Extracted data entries
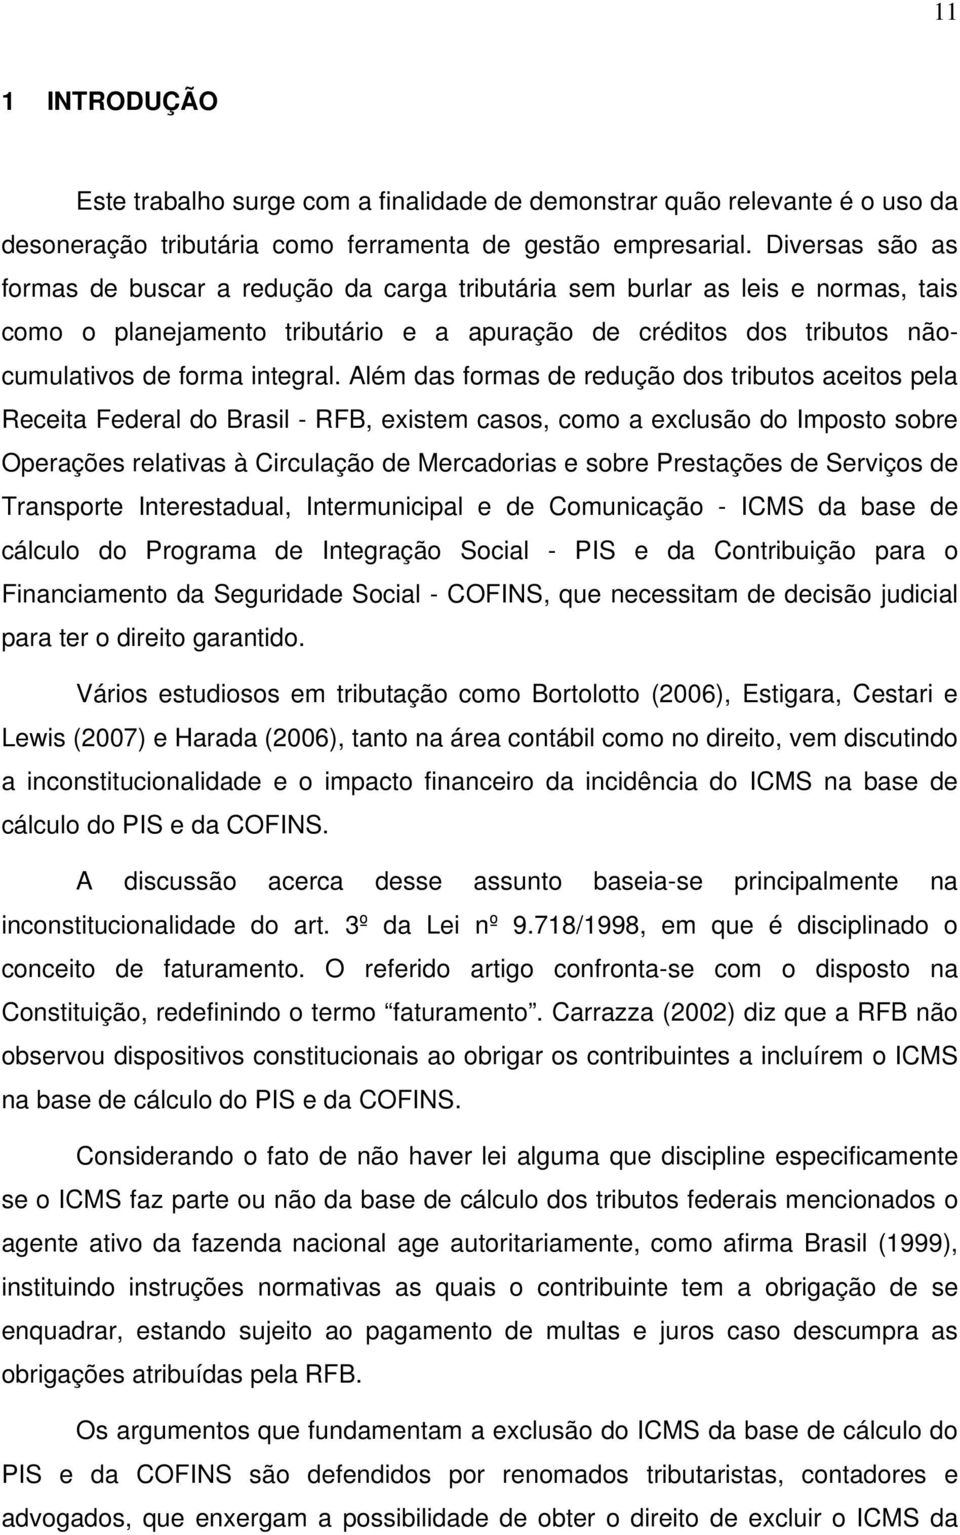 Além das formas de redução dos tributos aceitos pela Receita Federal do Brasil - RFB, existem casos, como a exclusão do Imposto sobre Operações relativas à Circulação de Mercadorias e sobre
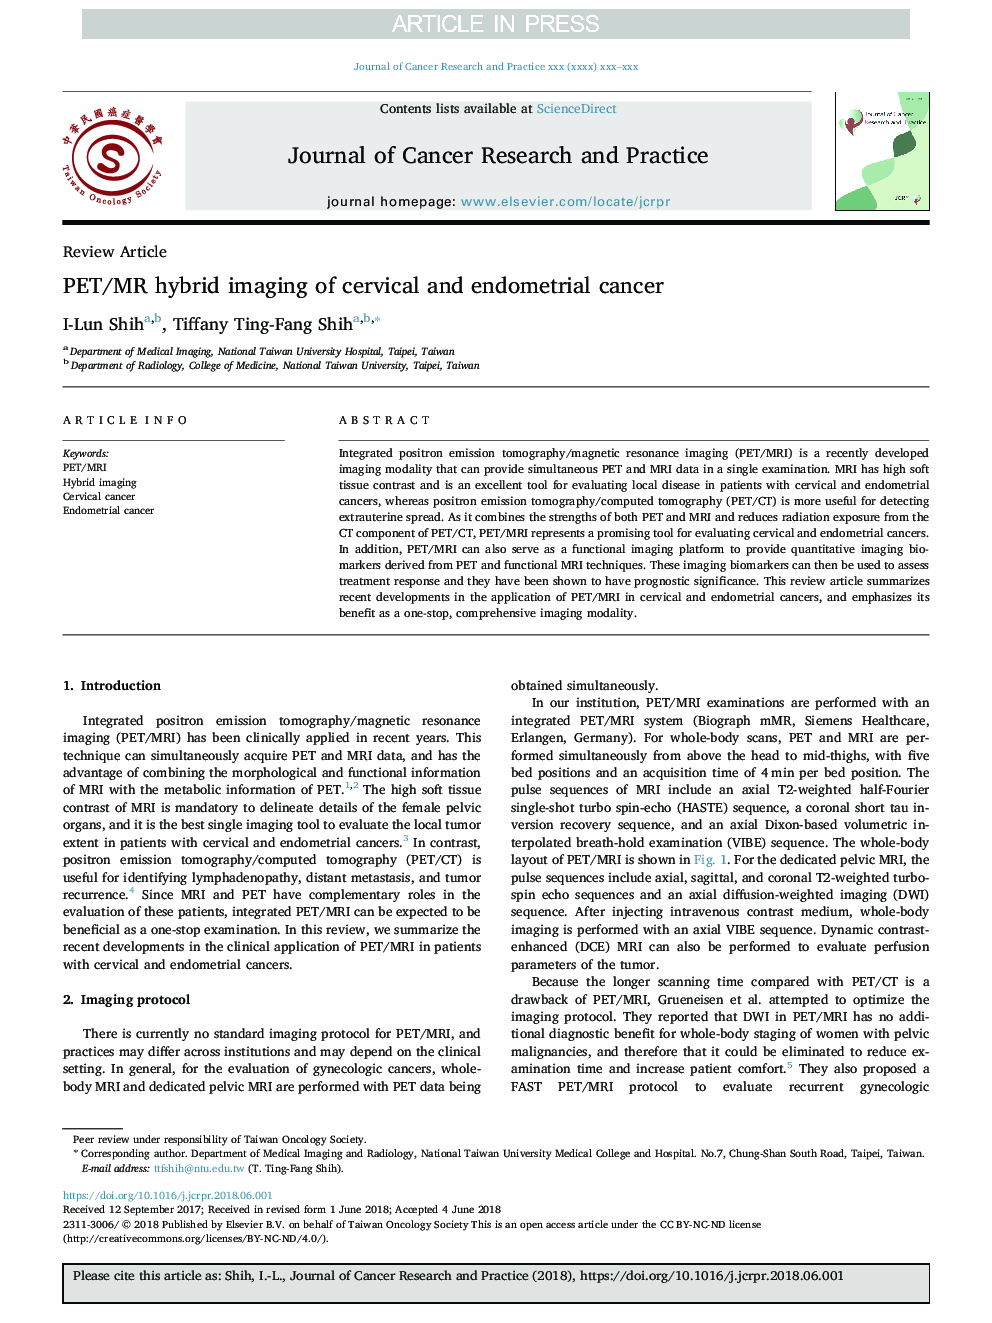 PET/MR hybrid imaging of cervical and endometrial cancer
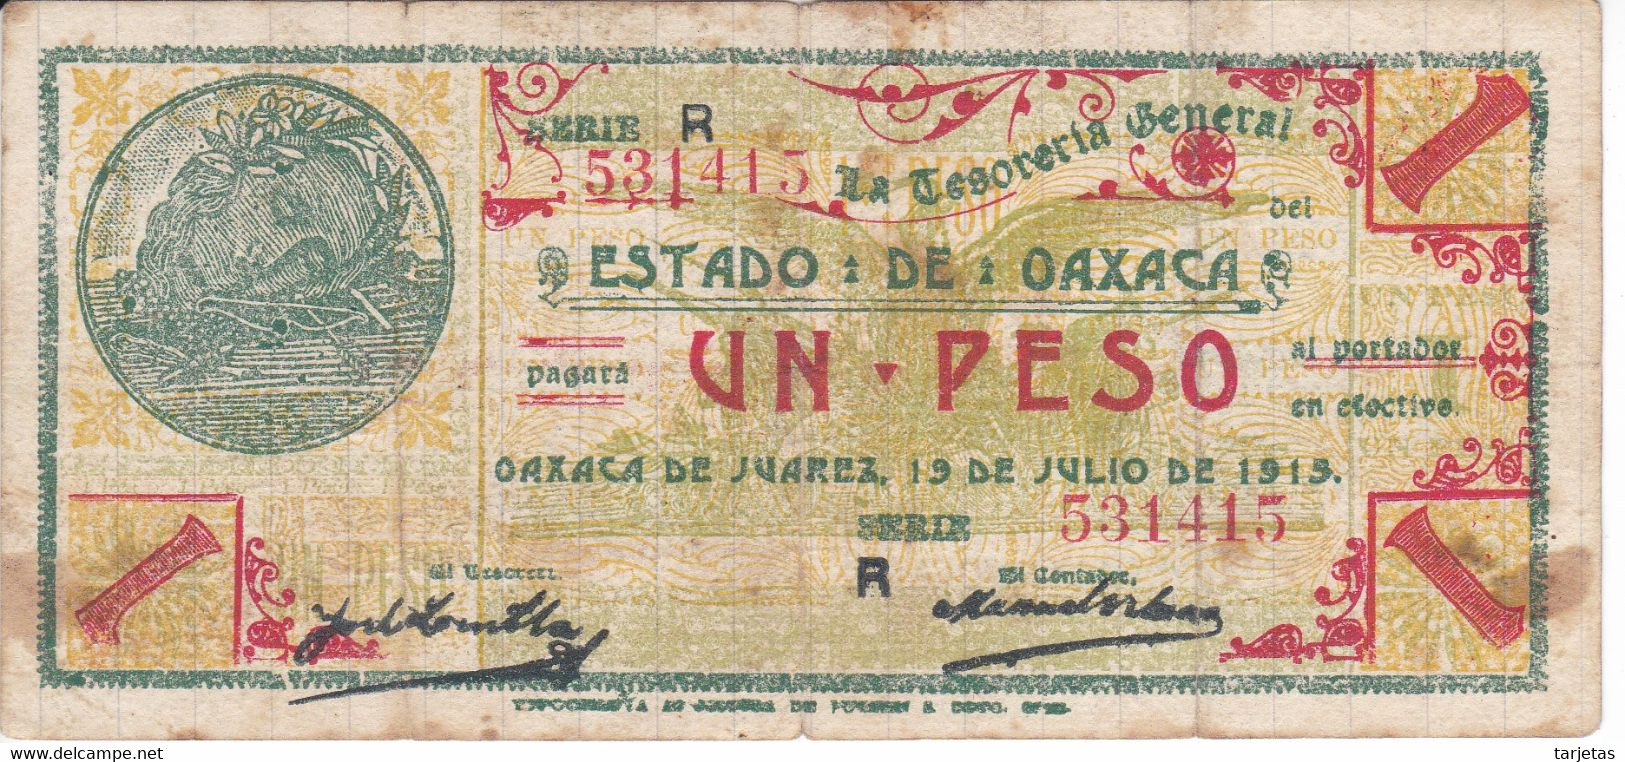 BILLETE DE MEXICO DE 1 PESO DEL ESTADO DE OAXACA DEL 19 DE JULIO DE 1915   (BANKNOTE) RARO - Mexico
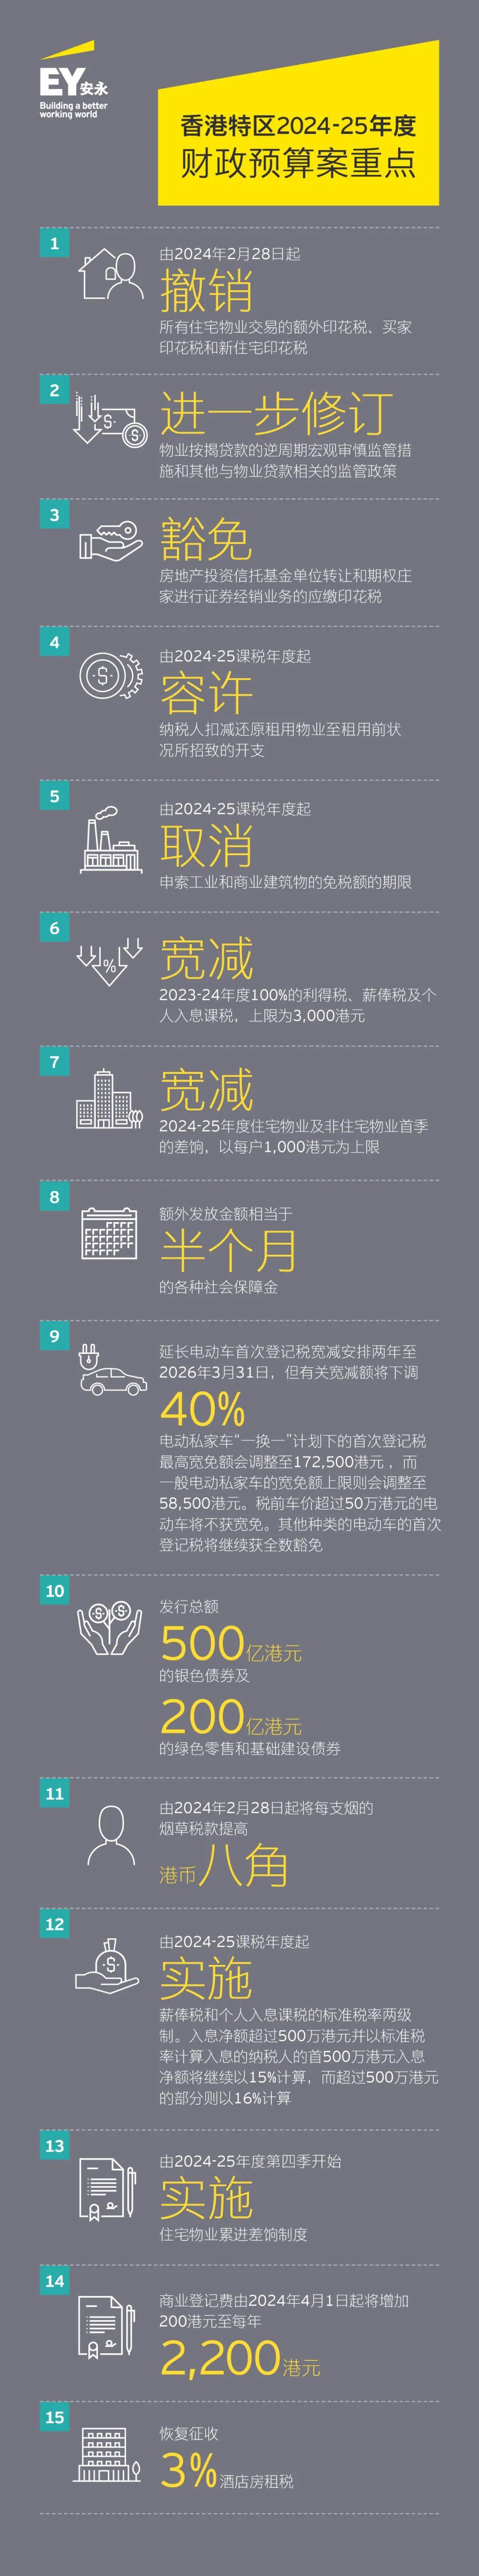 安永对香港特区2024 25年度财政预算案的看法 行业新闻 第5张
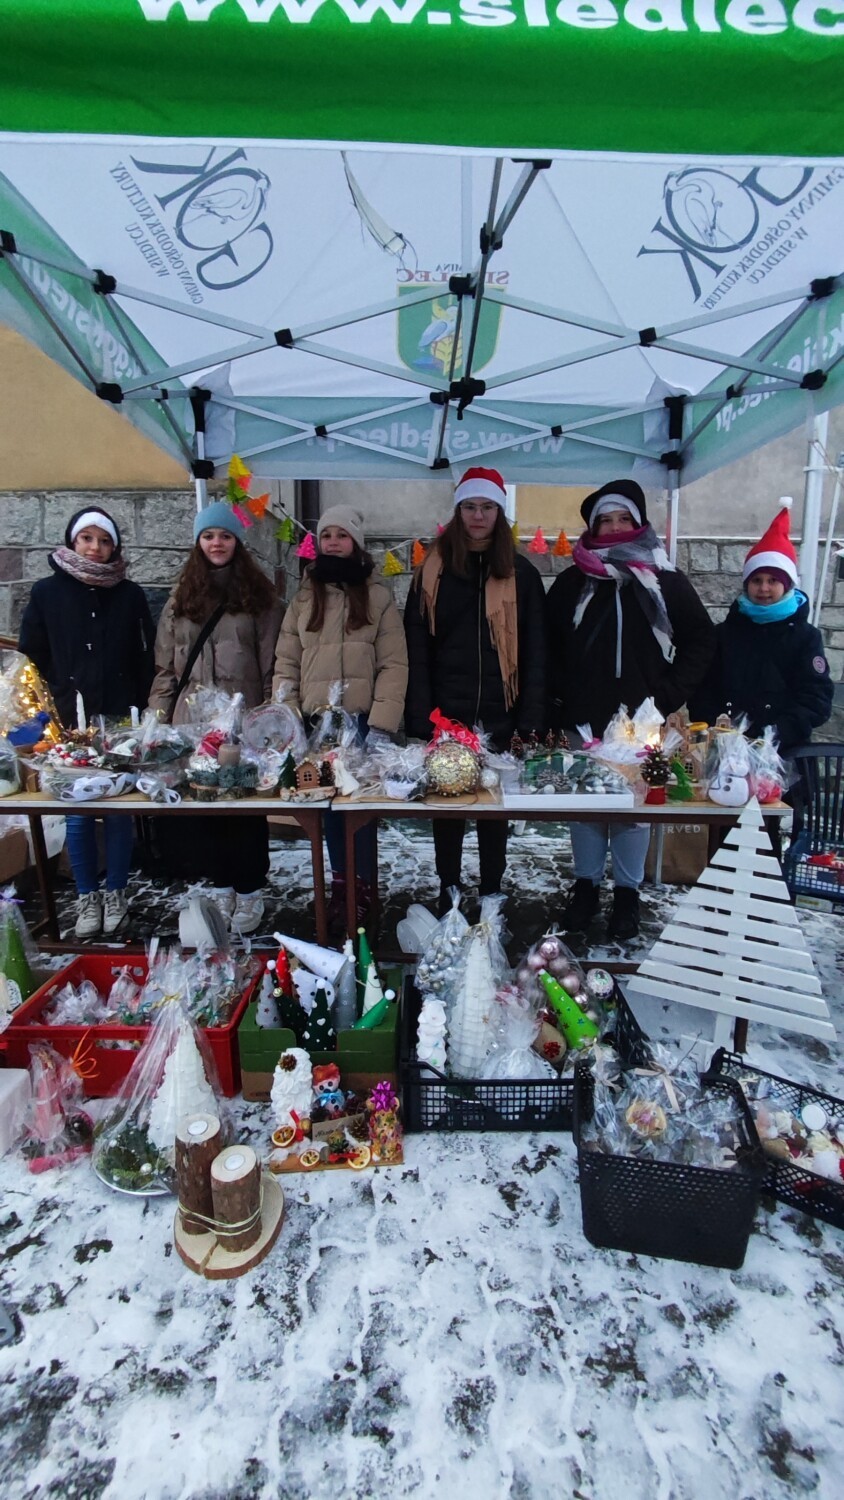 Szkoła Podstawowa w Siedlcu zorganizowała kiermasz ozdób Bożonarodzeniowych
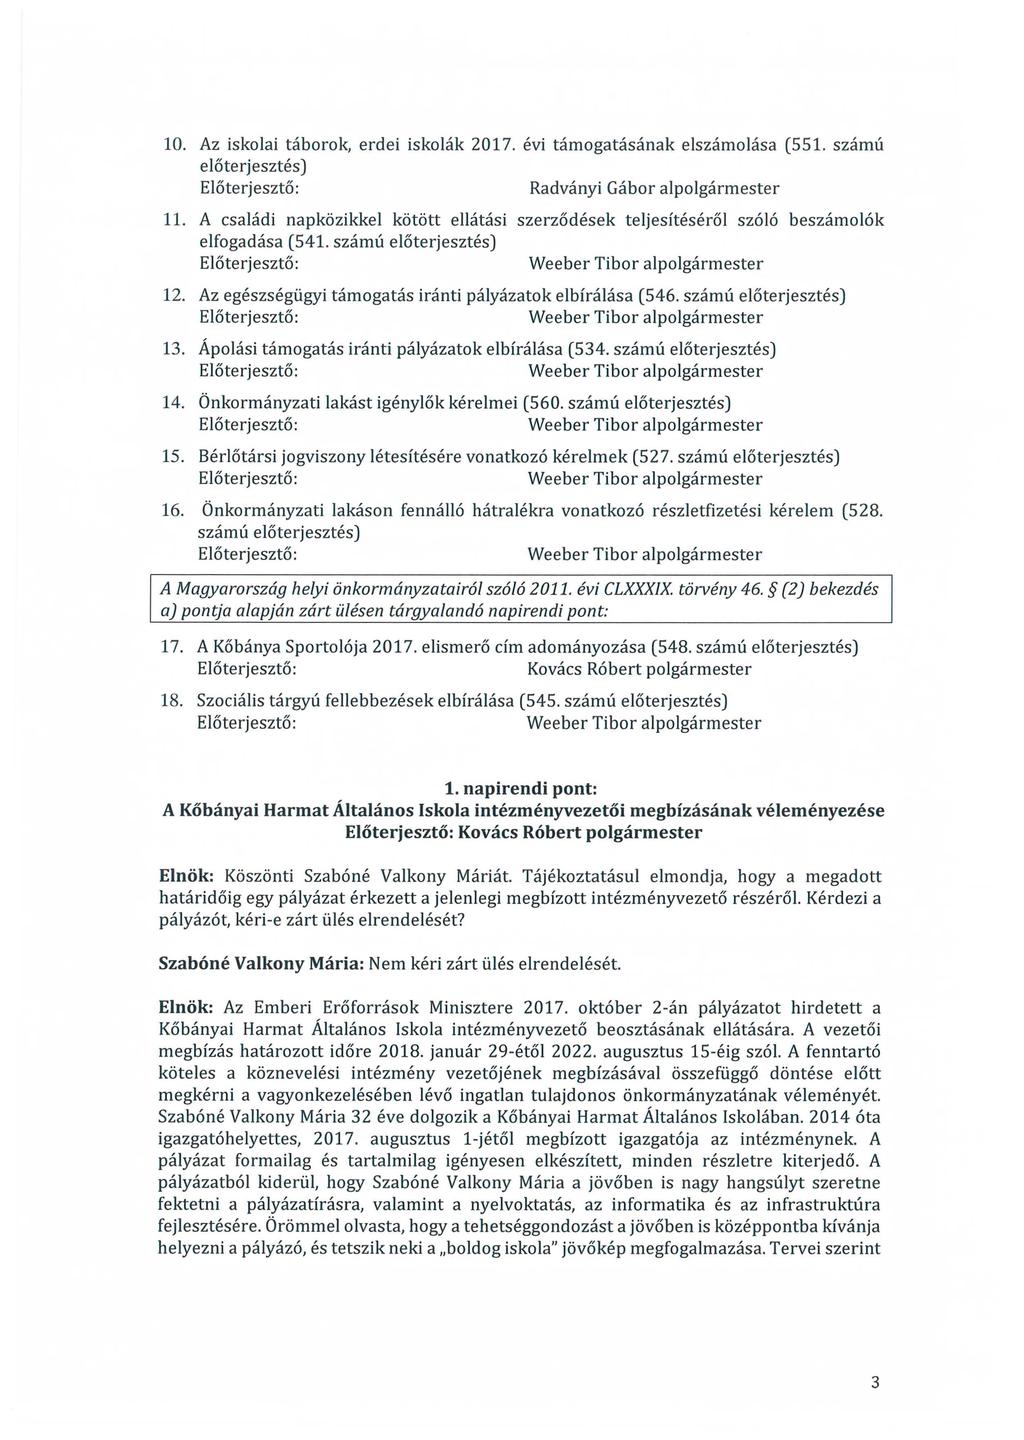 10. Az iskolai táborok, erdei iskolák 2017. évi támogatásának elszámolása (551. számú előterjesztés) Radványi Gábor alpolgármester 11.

**PROBLEM REQUIREMENTS**
Leave out all pictures and retype precisely the lines that run from the line containing "BILLETE DE MEXICO" to the last line of the records.

**RESPONSE BOX**
 BILLETE DE MEXICO DE 1 PESO DEL ESTADO DE OAXACA DEL 19 DE JULIO DE 1915   (BANKNOTE) RARO - Mexico
 安永对香港特区2024 25年度财政预算案的看法 行业新闻 第5张
 Szkoła Podstawowa w Siedlcu zorganizowała kiermasz ozdób Bożonarodzeniowych
 10. Az iskolai táborok, erdei iskolák 2017. évi támogatásának elszámolása (551. számú előterjesztés) Radványi Gábor alpolgármester 11.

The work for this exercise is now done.